Client Selection in Federated Learning: Convergence Analysis and Power-of-Choice Selection Strategies
This addresses the challenge of efficient client selection for resource-limited nodes in federated learning, offering a novel framework with significant performance gains.
The paper tackles the problem of biased client selection in federated learning, showing that selecting clients with higher local loss speeds up convergence, and proposes Power-of-Choice strategies that achieve up to 3x faster convergence and 10% higher test accuracy than random selection.

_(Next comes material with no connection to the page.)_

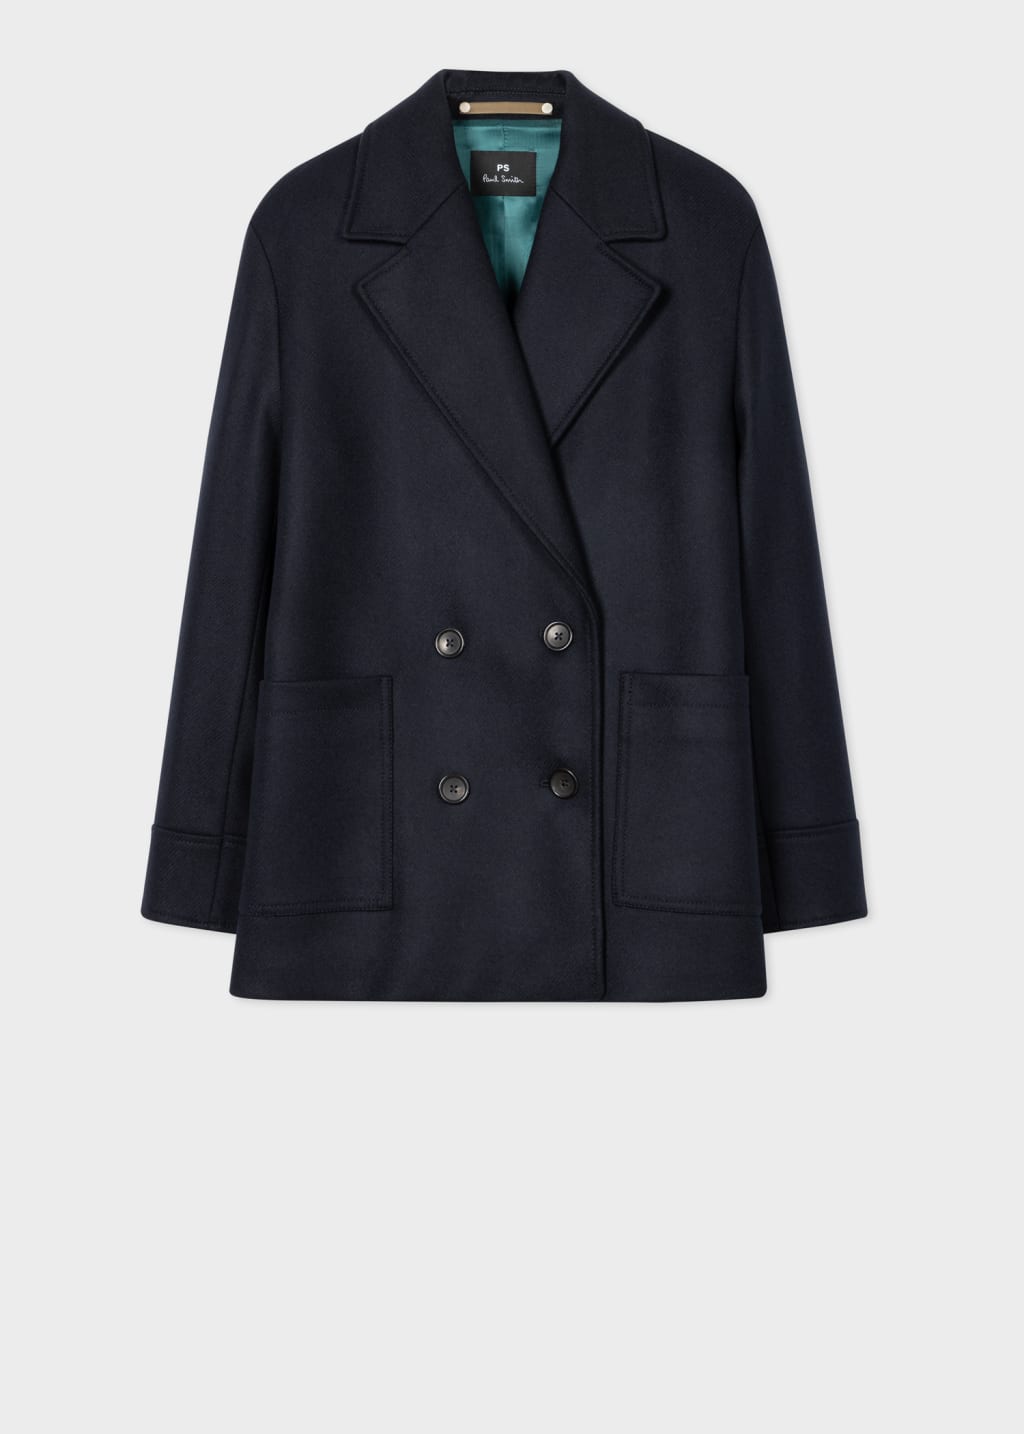 Model View - Women's Navy Wool-Cashmere Blend Pea Coat by Paul Smith

Federated learning is a distributed optimization paradigm that enables a large number of resource-limited client nodes to cooperatively train a model without data sharing. Several works have analyzed the convergence of federated learning by accounting of data heterogeneity, communication and computation limitations, and partial client participation. However, they assume unbiased client participation, where clients are selected at random or in proportion of their data sizes. In this paper, we present the first convergence analysis of federated optimization for biased client selection strategies, and quantify how the selection bias affects convergence speed. We reveal that biasing client selection towards clients with higher local loss achieves faster error convergence. Using this insight, we propose Power-of-Choice, a communication- and computation-efficient client selection framework that can flexibly span the trade-off between convergence speed and solution bias. Our experiments demonstrate that Power-of-Choice strategies converge up to 3 $\times$ faster and give $10$% higher test accuracy than the baseline random selection.